The guidance for monitor requirements was designed by the ACPSEM (via the Radiology Specialty Group) in response to a request from RANZCR for its consideration to provide radiologists with a consistent method of self-assessment to determine the suitability of a remote workstation for reporting diagnostic general Xray, CT, Ultrasound and MRI images with the understanding that: 

  • using dedicated, department-based reporting workstations during the COVID-19 pandemic poses a risk of transmitting or receiving viral infection
  • having remote workstations individually assessed by a medical physicist at this time is not practical given physicist availability, and risk of transmitting or receiving viral infection
  • most radiologists will not have the equipment available to measure luminance metrics, or to perform monitor calibrations
  • dedicated reporting workstations that will meet RANZCR Standards of Practice are being procured, but currently have an 8-10-week lead time 
  • these guidelines are being suggested as a risk mitigation strategy and are not best practice. 

It should be stressed that this process is designed to enable radiologists to minimise risk of contracting or spreading COVID-19 by enacting social isolation, and strong workplace redundancy practices. This is a temporary solution while primary diagnostic monitor procurement occurs. This should not be considered a long-term solution and relies on constant professional evaluation to ensure that monitors meet minimum clinical requirements. If available, it is recommended that any remote workstation is assessed to the performance requirements of the RANZCR Standards of Practice, by a qualified professional.
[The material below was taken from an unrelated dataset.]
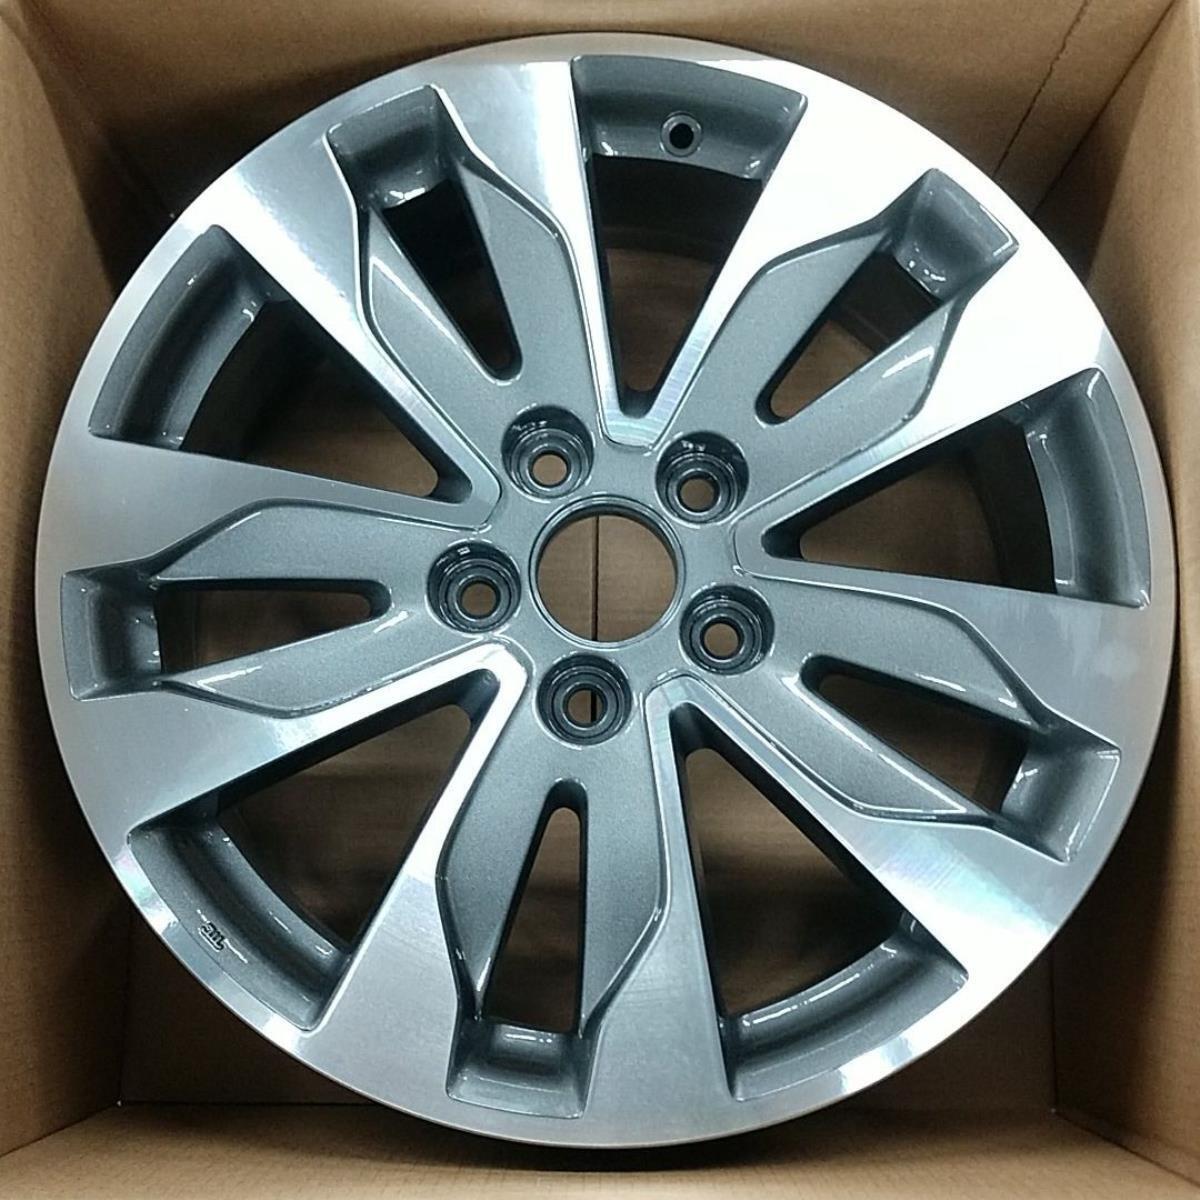 (1) Wheel Rim For Odyssey Recon OEM Nice Charcoal Machined

  • CIRSE: Checklist for preparing your interventional radiology service View  
  • Society of Interventional Radiology: Guidance on aerosol generating procedures performed by interventional radiology View  
  • Society of NeuroInterventional Surgery: Recommendations for the care of emergent neurointerventional patients in the setting of COVID-19 View 
  • INR Resource - European Society INR Management View
    Please note this report was produced in a jurisdiction with different levels of community transmission to those experienced in Australia and New Zealand. RANZCR does not support the recommendation for CT to be used for the diagnosis of patients under investigation for COVID-19.

Normal appropriate use criteria for imaging patients presenting with an acute respiratory illness should be applied. CT should not be used for routine screening for COVID-19 disease. As with other causes of acute lung injury, it has a role in the evaluation of patients for potential complications. 

The advice regarding the use of imaging is consistent with position statements released by both the American College of Radiology and the Society of Thoracic Radiology (STR). The STR statement is as follows: At this time, the STR does not recommend routine CT screening for the diagnosis of patients under investigation for COVID-19. Chest CT can be restricted to patients who test positive for COVID-19 and who are suspected of having complicating features such as abscess or empyema. 

A volumetric CT of the entire chest at end inspiration is recommended, with reconstruction of contiguous high-resolution (HR) images at 0.625-mm to 1.5-mm slice thickness (without an interslice gap) for assessment of the lungs. Intravenous contrast should be used when clinically indicated. 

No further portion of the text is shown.